C) Les soldats présents dans les cabarets

Bien que peu présents quantitativement dans les procédures que nous avons étudiées ( 6% de l’échantillon de clients relevé), les soldats, d’après une importante part de l’historiographie du sujet, étaient des clients privilégiés des estaminets. Ils profitaient de leurs permissions pour goûter aux plaisirs simples de la boisson et des femmes dans les nombreux cabarets de la province. Ils échappaient par-là à une condition assez difficile pour eux dans la société de l’époque. Il convient de l’appréhender pour comprendre leur position dans les objets de notre étude.

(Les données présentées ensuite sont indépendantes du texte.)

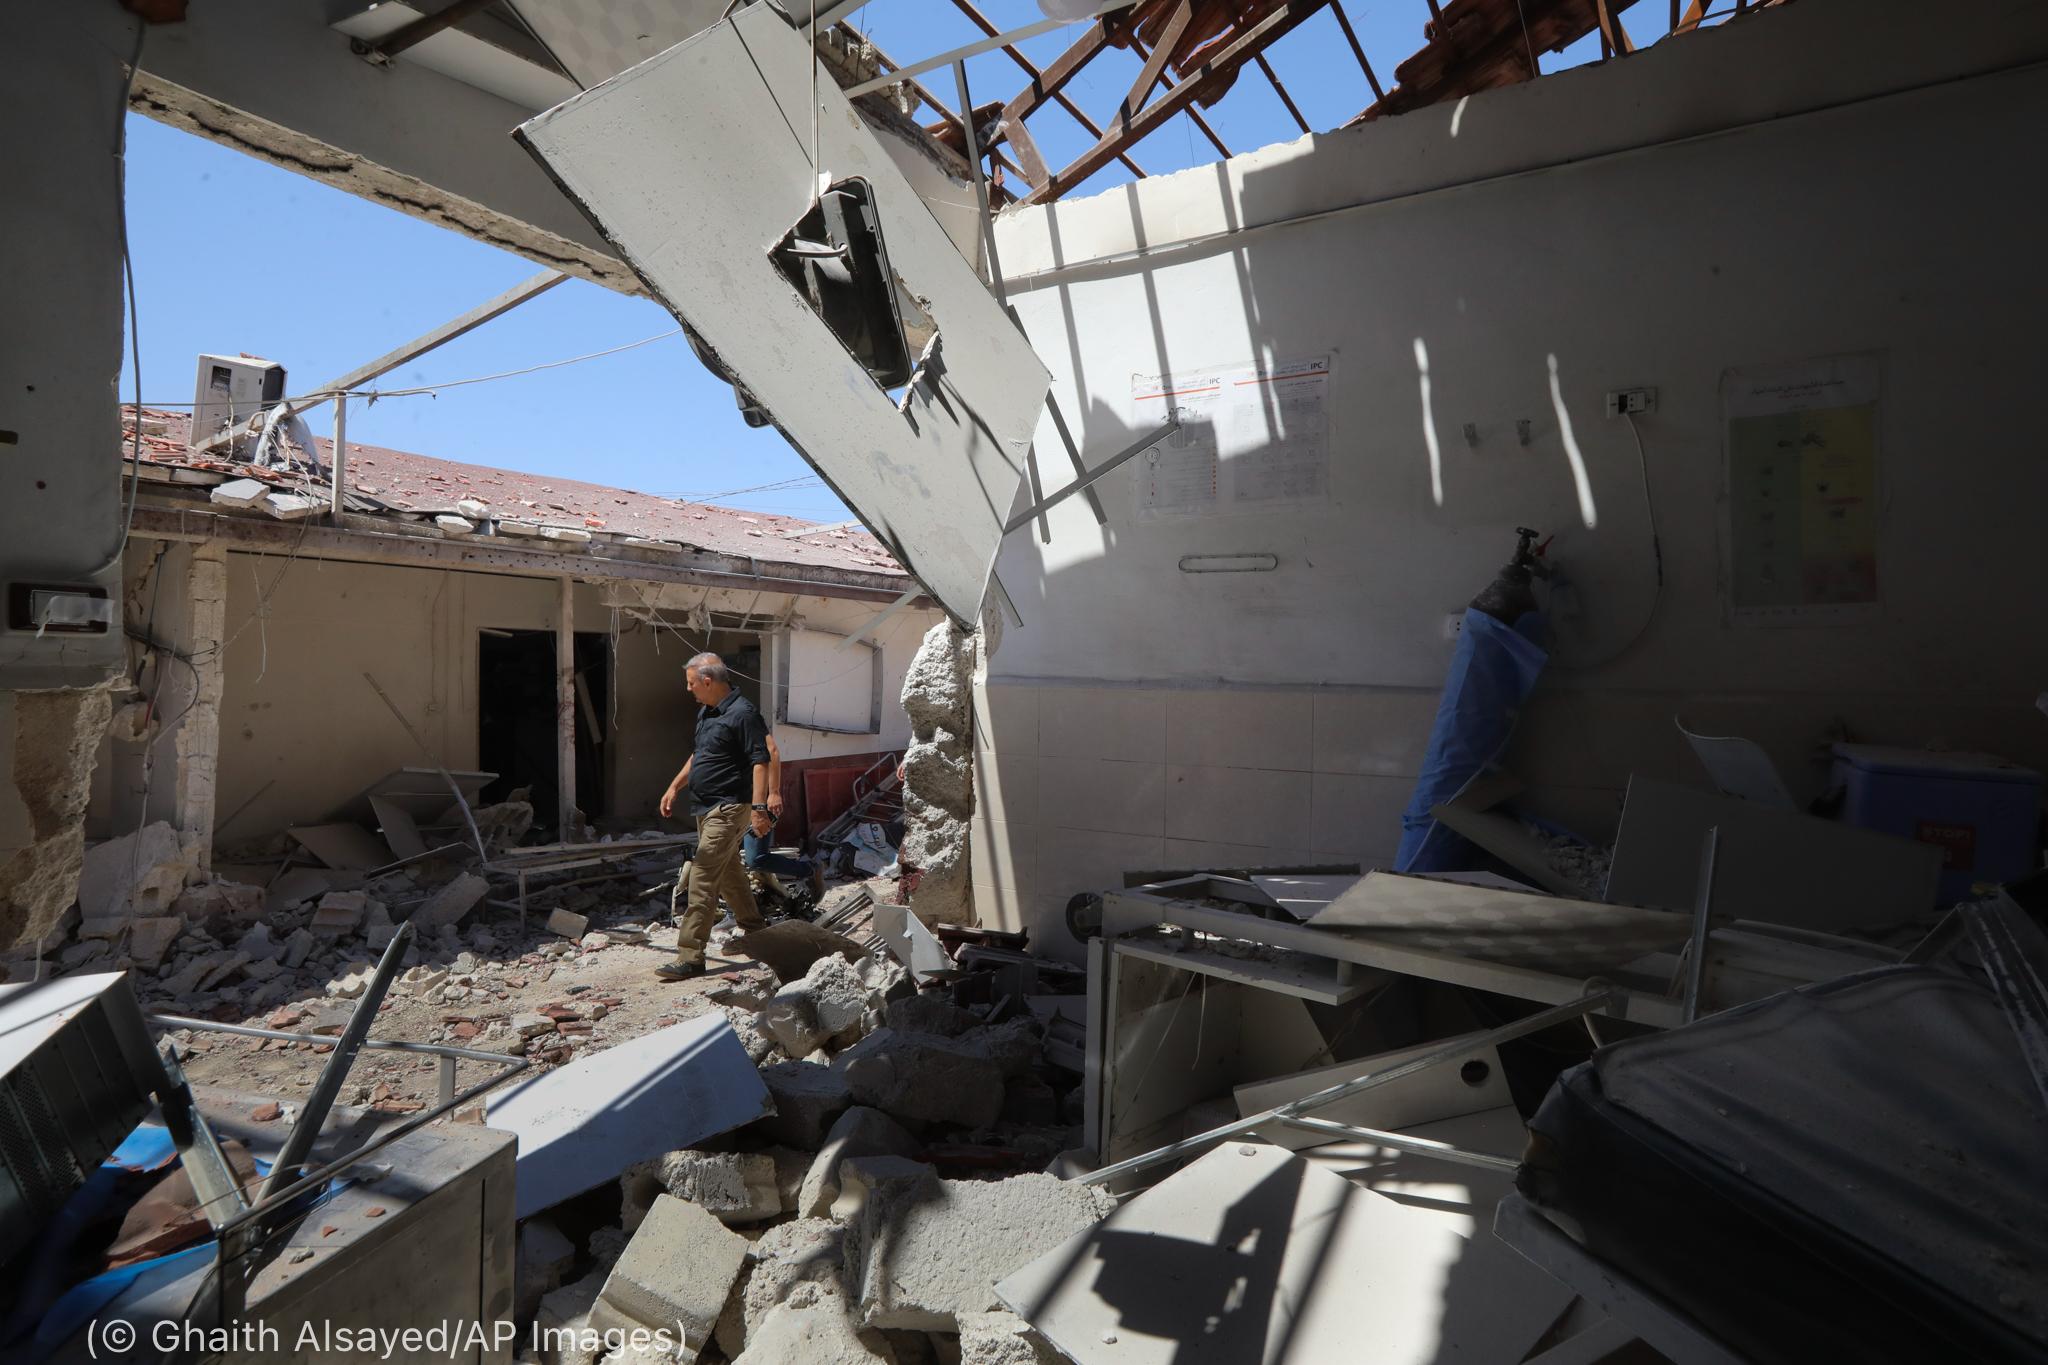 Un homme marchant dans les décombres d'un hôpital détruit (© Ghaith Alsayed/AP Images)

En effet, nombreux sont les auteurs à plaindre la situation de soldat. Au premier rang desquels Arlette Farge. Celle-ci parle de soldat de misère, de mal aimé, devant partir pour la guerre ou en risque d’être recruté. Il est détesté, et même considéré comme la lie du peuple pour son acoquinement avec les prostitués 156. sa condition et son psyché sont analysés par l’historienne qui expose ainsi que « […]le soldat sait qu’il ne défend pas son pays[…]. Tous

savent que le Roi a décidé certains affrontements sanglants en pays étrangers et qu’il faut obéir. Le service du Roi n’est pas une vocation, c’est une fatalité, une déveine.[…]Ils partent, souffrance au ventre, laissant famille, pays et travaux des champs pour des marches épuisantes, des jours sans pain, des froids de misère et des batailles dont ils n’ont que faire

[…] »157. Celui-ci s’oublie alors dans le débit de boissons à la moindre occasion, il est homme de cabaret, de femmes et de nuits courtes.158

155 ADI 2B 4020 , 1er décembre 1706

156 Farge (Arlette), Le cours ordinaire des choses dans la cité au 18ème siècle, Paris, Seuil, 1994, p.83. 157Farge (Arlette), Le cours…, op.cit., p. 82.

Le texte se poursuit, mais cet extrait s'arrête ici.